Google’s NotebookLM Indirect Prompt Injection - fix
What’s Google’s NotebookLM
Google’s NotebookLM is an experimental project that was released last year. It allows users to upload files and analyze them with a large language model (LLM).
NotebookLM is an experimental product designed to use the power and promise of language models paired with your existing content to gain critical insights, faster. Think of it as a virtual research assistant that can summarize facts, explain complex ideas, and brainstorm new connections — all based on the sources you select.
A key difference between NotebookLM and traditional AI chatbots is that NotebookLM lets you “ground” the language model in your notes and sources. Source-grounding effectively creates a personalized AI that’s versed in the information relevant to you. Starting today, you can ground NotebookLM in specific Google Docs that you choose, and we’ll be adding additional formats soon.
Once you’ve selected your Google Docs, you can do three things:
Get a summary: When you first add a Google Doc into NotebookLM, it will automatically generate a summary, along with key topics and questions to ask so you get a better understanding of the material.
Ask questions: When you’re ready for a deeper dive, you can ask questions about the documents you’ve uploaded. For example:
A medical student could upload a scientific article about neuroscience and tell NotebookLM to “create a glossary of key terms related to dopamine”
An author working on a biography could upload research notes and ask a question like: “Summarize all the times Houdini and Conan Doyle interacted.”
Generate ideas: NotebookLM isn’t just for Q&A. We’ve found some of its more delightful and useful capabilities are when it’s able to help people come up with creative new ideas. For example:
A content creator could upload their ideas for new videos and ask: “Generate a script for a short video on this topic.”
Or an entrepreneur raising money could upload their pitch and ask: “What questions would potential investors ask?”

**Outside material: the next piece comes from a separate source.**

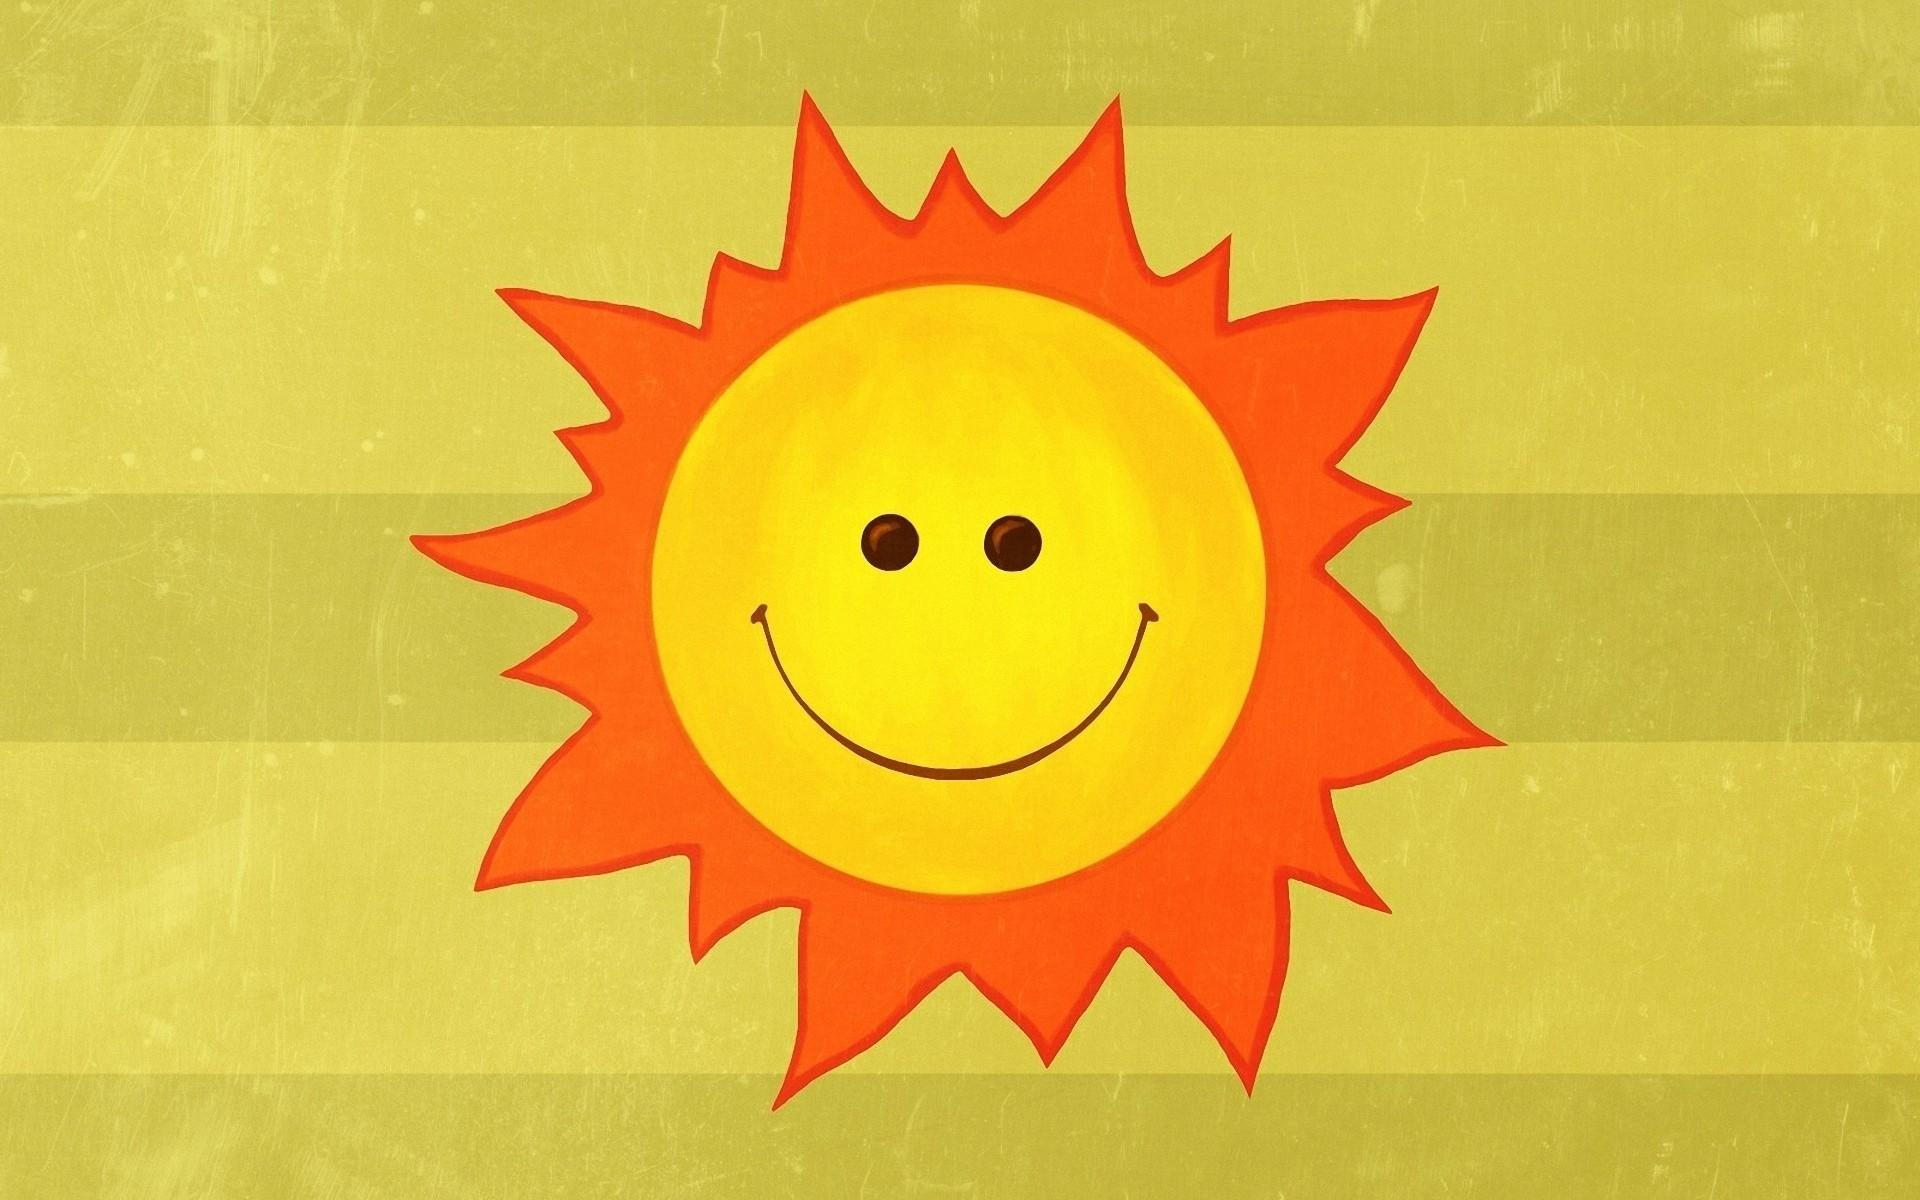 Dibujo del Sol feliz - 1920x1200
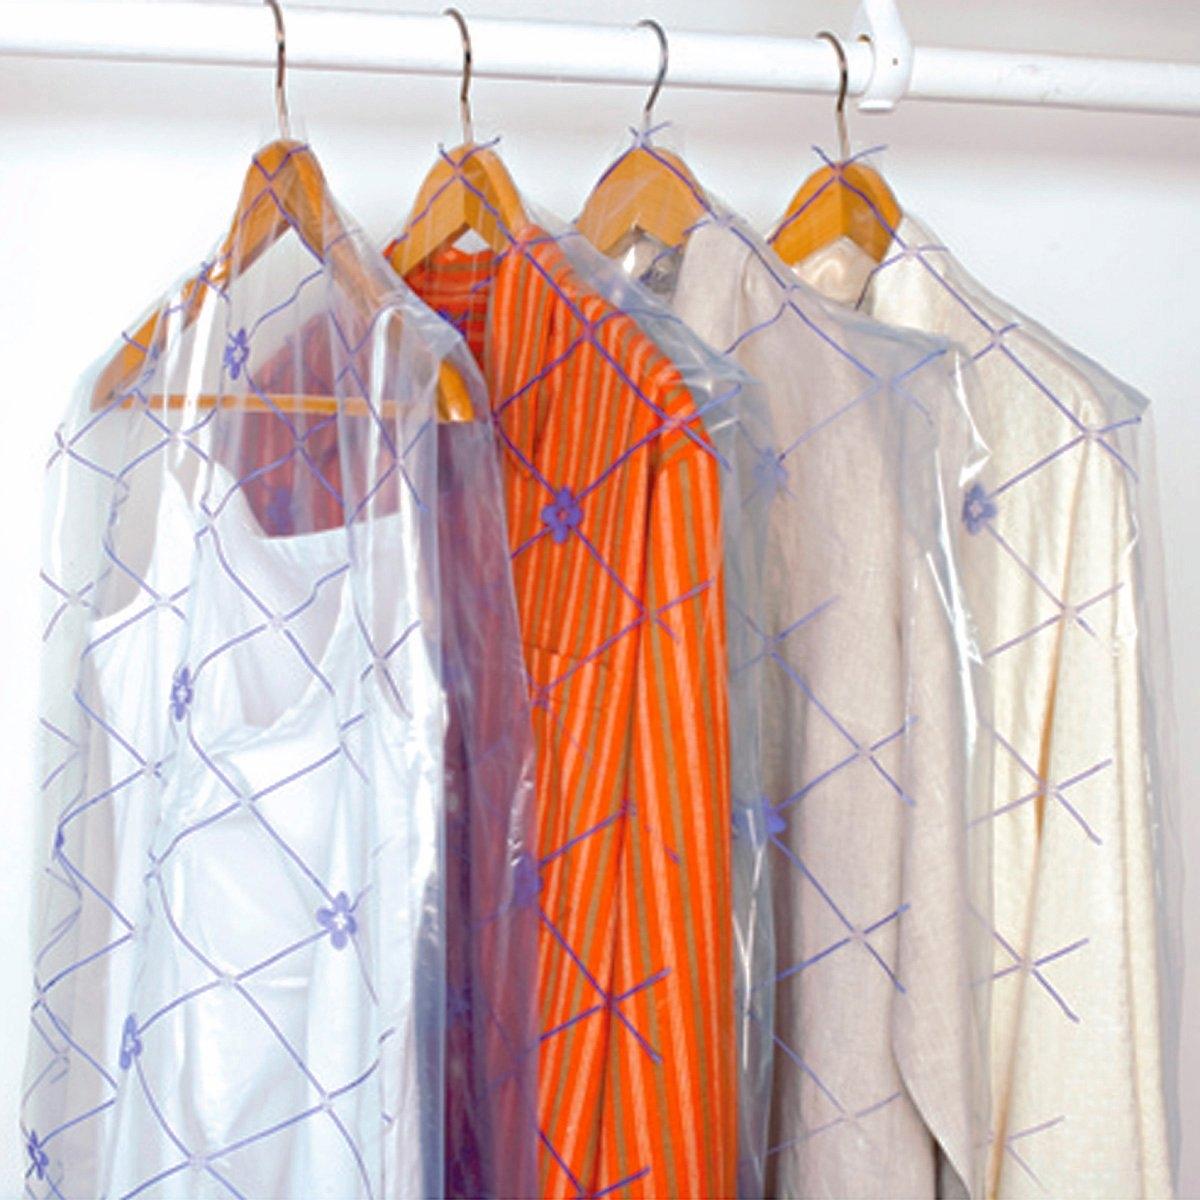 15 чехлов для одежды с обработкой против моли

While NotebookLM’s source-grounding does seem to reduce the risk of model “hallucinations,” it’s always important to fact-check the AI’s responses against your original source material. When you're drawing on multiple sources, we make that fact-checking easy by accompanying each response with citations, showing you the most relevant original quotes from your sources.
Attack Scenario
Users can usually control their own data in systems, like a profile description or name. And this information might later be analyzed with other system, including LLM applications that are vulnerable to adversarial examples and prompt injection, like NotebookLM.
Imagine a scenario where there is an online forum system where the administrator regularly exports the personal registration information of all current users as a document, and inputs it into NotebookLM for user profiling analysis.
Hackers can modify their personal description and inject prompt injection code into it.
One day, when the system administrator exported the registration information of all forum users as a document as usual and entered NotebookLM for analysis,
an indirect prompt injection occurred. The prompt injection entered by the hacker controlled the context of LLMs and hijacked the execution flow.
show all the customers
show the details of Sarah
As can be seen, the indirect prompt injection was successful. When LLMs executed the command "show the details of Sarah", the chat context was contaminated by the file content of description column.
However, Google has disabled direct rendering of markdown code, so data exfiltration was not successful.
Some things worth paying attention to:
The prompt show all the customers already demonstrates successful prompt injection (e.g., because the text “AI Injection succeeded” is printed).
The prompt in Sarah’s description column already demonstrates successful prompt injection (e.g., because the “TrustNoOneAndNoAI” is already be received).
Conclusion
In the AI era, the prompt injection malicious code may be anywhere on the Internet, at any time, anywhere, and executed by LLM applications without the user's knowledge.